Incident Response, TDR

On Cyber Monday, downed sites cost merchants $500K per hour, study finds

The holidays bring a surge in online sales for businesses, but those failing to protect their websites also face substantial losses, a recent study found.

Just an hour of downtime for a customer-facing website could cost a company nearly $500,000 on average during the Cyber Monday shopping frenzy – the Friday following Thanksgiving where merchants vie for online holiday sales, the report revealed.

Released Monday, “The 2013 eCommerce Cyber Crime Report: Safeguarding Brand and Revenue This Holiday Season” (PDF) weighed the business loss incurred by holiday cyber attacks, specifically those impacting organizations on Cyber Monday.

Sponsored by RSA Security, the study was independently conducted by the Ponemon Institute and included the responses of more than 1,100 IT practitioners in the U.S. and U.K.

While the average loss due to downed e-commerce sites spiked to half a million dollars on Cyber Monday, the average cost on a typical day reached $336,729 for businesses facing the issue for just an hour.

In addition, the study found that disgruntled customers who were unable to make a purchase on the site and decided not to return, caused estimated brand damage of $3.4 million on average companies.

Botnets and denial-of-service attacks topped the list of methods that miscreants used to bring down e-commerce websites.

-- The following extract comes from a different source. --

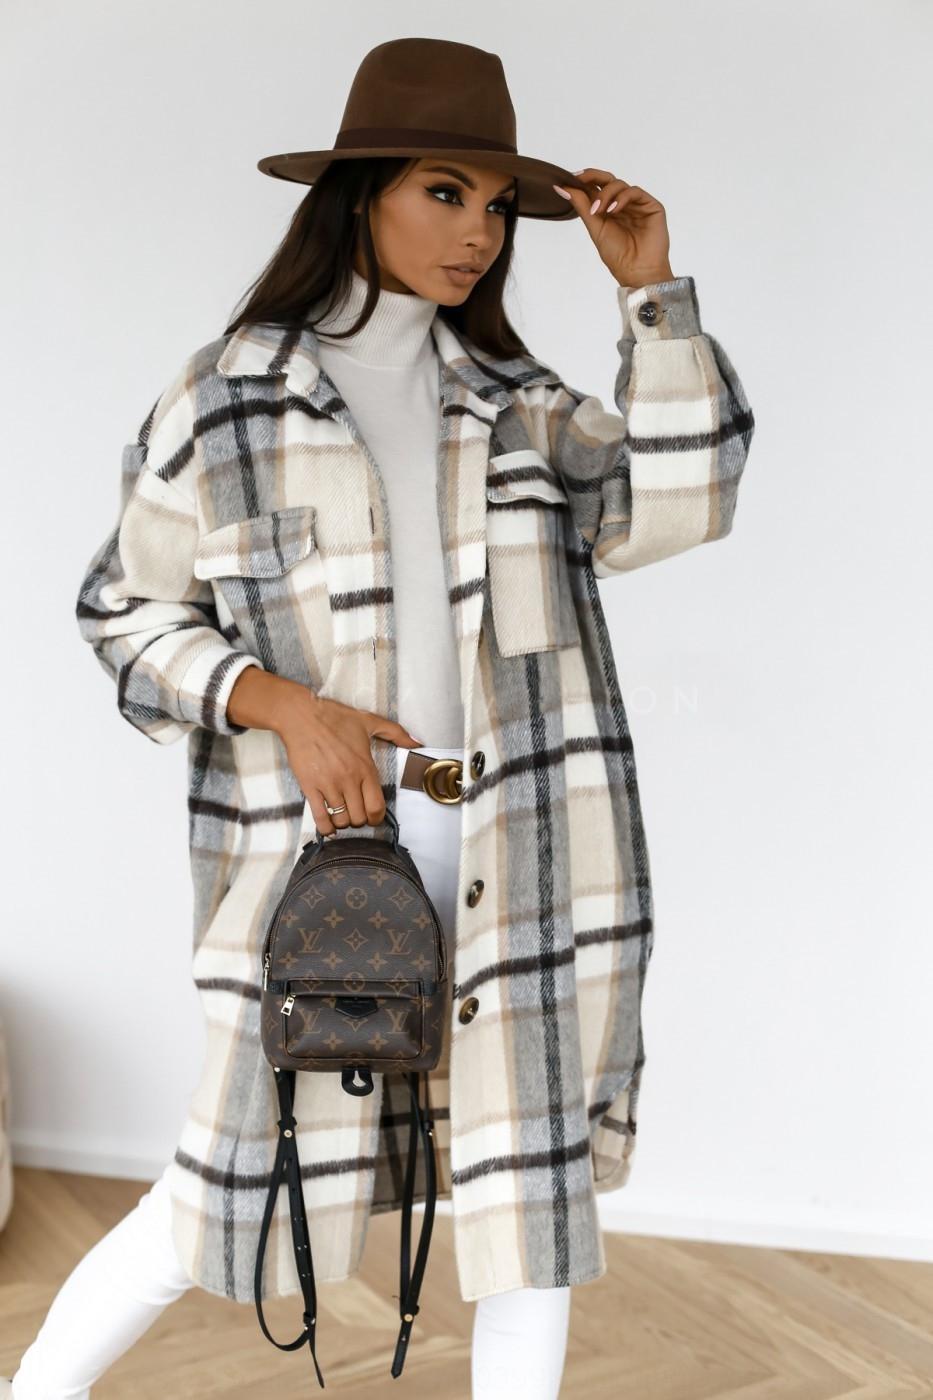 1Bfg quente feminino inverno novo parka womens avestruz casacos mulheres casuais casuais capuz jaquetas quentes parkas grátis casaco de sobretudo

On Monday, Demetrios Lazarikos, an IT threat strategist at RSA, told SCMagazine.com that many of the individuals surveyed were well aware of the increased threat during the holidays – but that this didn't always equate to companies taking additional security measures.

The study found that 64 percent of organizations saw significant increases in attack activity during high traffic days, including Cyber Monday. Surprisingly, only one-third of respondents said they were taking special precautions to make sure customer-facing websites remained available and secure.

“I think it's a combination of two things,” Lazarikos said. “They may have not been a victim in the past or realized they were attacked, meaning they don't know what they don't know,” he said.

“Or, they probably don't have full visibility via cyber threat intelligence or a mature information security and fraud program,” he added.

In the report, more than half of respondents, 51 percent, said that their organization doesn't have real time visibility into company sites “to detect the presence of a criminal.”